RNAmodR: creating classes for additional modification detection from high throughput sequencing.

Introduction

For users interested in the general aspect of any RNAmodR based package please have a look at the main vignette of the package.

This vignette is aimed at developers and researchers, who want to use the functionality of the RNAmodR package to develop a new modification strategy based on high throughput sequencing data.

library(RNAmodR)

Two classes have to be considered to establish a new analysis pipeline using RNAmodR. These are the SequenceData and the Modifier class.

A new SequenceData class

First, the SequenceData class has to be considered. Several classes are already implemented, which are:

  • End5SequenceData
  • End3SequenceData
  • EndSequenceData
  • ProtectedEndSequenceData
  • CoverageSequenceData
  • PileupSequenceData
  • NormEnd5SequenceData
  • NormEnd3SequenceData

If these cannot be reused, a new class can be implemented quite easily. First the DataFrame class, the Data class and a constructor has to defined.

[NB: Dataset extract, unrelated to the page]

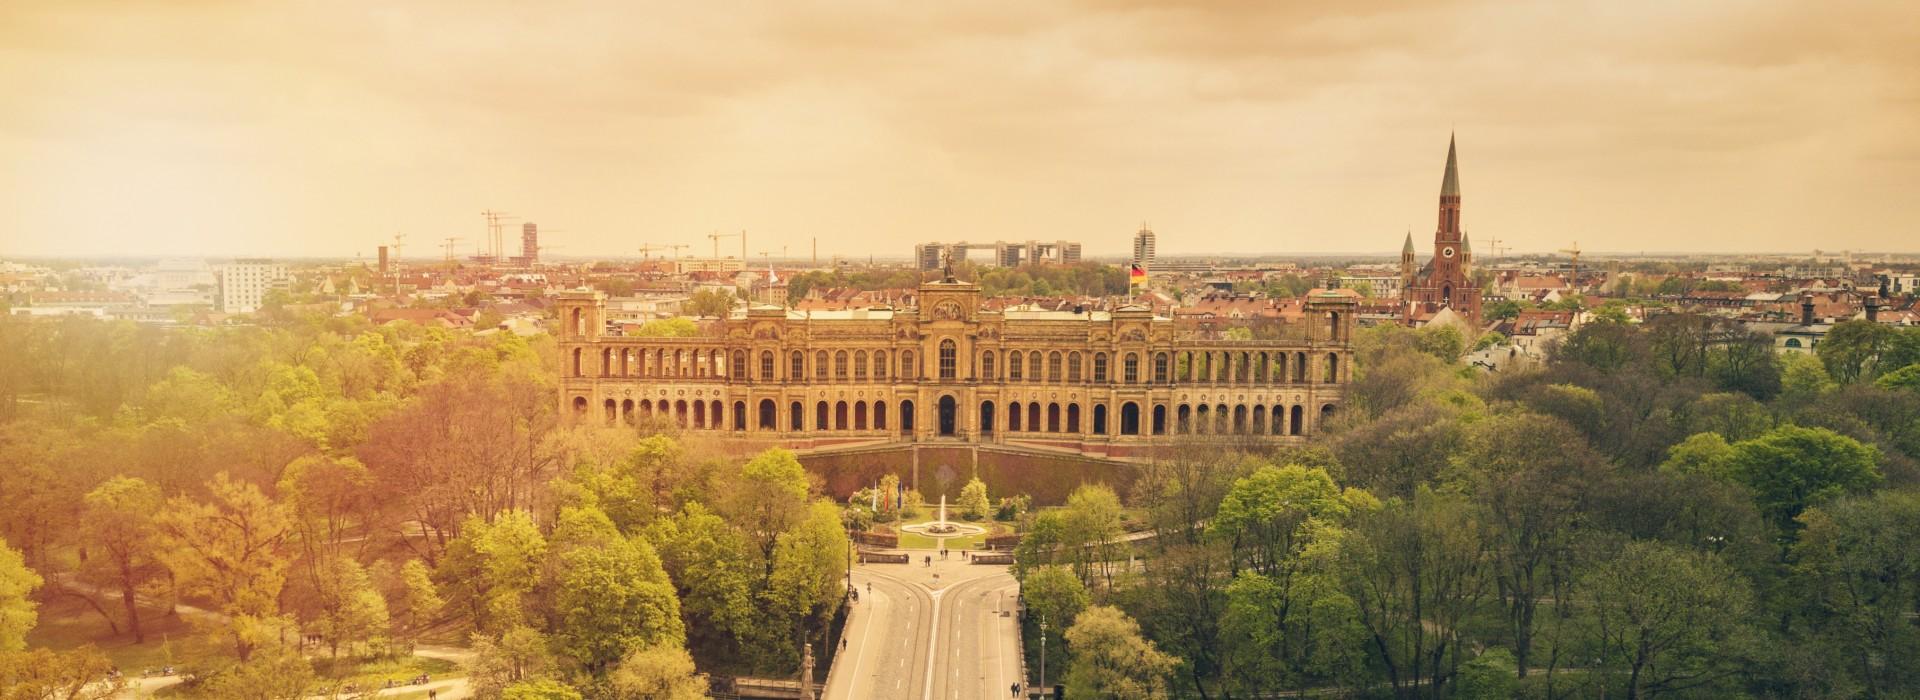 The Maximilianeum

The only value, which has to be provided, is a default minQuality integer value and some basic information.

setClass(Class = "ExampleSequenceDataFrame",
         contains = "SequenceDFrame")
ExampleSequenceDataFrame <- function(df, ranges, sequence, replicate,
                                      condition, bamfiles, seqinfo){
  RNAmodR:::.SequenceDataFrame("Example",df, ranges, sequence, replicate,
                               condition, bamfiles, seqinfo)
}
setClass(Class = "ExampleSequenceData",
         contains = "SequenceData",
         slots = c(unlistData = "ExampleSequenceDataFrame"),
         prototype = list(unlistData = ExampleSequenceDataFrame(),
                          unlistType = "ExampleSequenceDataFrame",
                          minQuality = 5L,
                          dataDescription = "Example data"))
ExampleSequenceData <- function(bamfiles, annotation, sequences, seqinfo, ...){
  RNAmodR:::SequenceData("Example", bamfiles = bamfiles, 
                         annotation = annotation, sequences = sequences,
                         seqinfo = seqinfo, ...)
}

Second, the getData function has to be implemented. This is used to load the data from a bam file and must return a named list IntegerList, NumericList or CompressedSplitDataFrameList per file.

setMethod("getData",
          signature = c(x = "ExampleSequenceData",
                        bamfiles = "BamFileList",
                        grl = "GRangesList",
                        sequences = "XStringSet",
                        param = "ScanBamParam"),
          definition = function(x, bamfiles, grl, sequences, param, args){
            ###
          }
)

Third, the aggregate function has to be implemented. This function is used to aggregate data over replicates for all or one of the conditions. The resulting data is passed on to the Modifier class.

setMethod("aggregateData",
          signature = c(x = "ExampleSequenceData"),
          function(x, condition = c("Both","Treated","Control")){
            ###
          }
)

A new Modifier class

A new Modifier class is probably the main class, which needs to be implemented. Three variable have to be set. mod must be a single element from the Modstrings::shortName(Modstrings::ModRNAString()). score is the default score, which is used for several function. A column with this name should be returned from the aggregate function. dataType defines the SequenceData class to be used. dataType can contain multiple names of a SequenceData class, which are then combined to form a SequenceDataSet.

setClass("ModExample",
         contains = c("RNAModifier"),
         prototype = list(mod = "X",
                          score = "score",
                          dataType = "ExampleSequenceData"))
ModExample <- function(x, annotation, sequences, seqinfo, ...){
  RNAmodR:::Modifier("ModExample", x = x, annotation = annotation,
                     sequences = sequences, seqinfo = seqinfo, ...)
}

dataType can also be a list of character vectors, which leads then to the creation of SequenceDataList. However, for now this is a hypothetical case and should only be used, if the detection of a modification requires bam files from two or more different methods to be used to detect one modification.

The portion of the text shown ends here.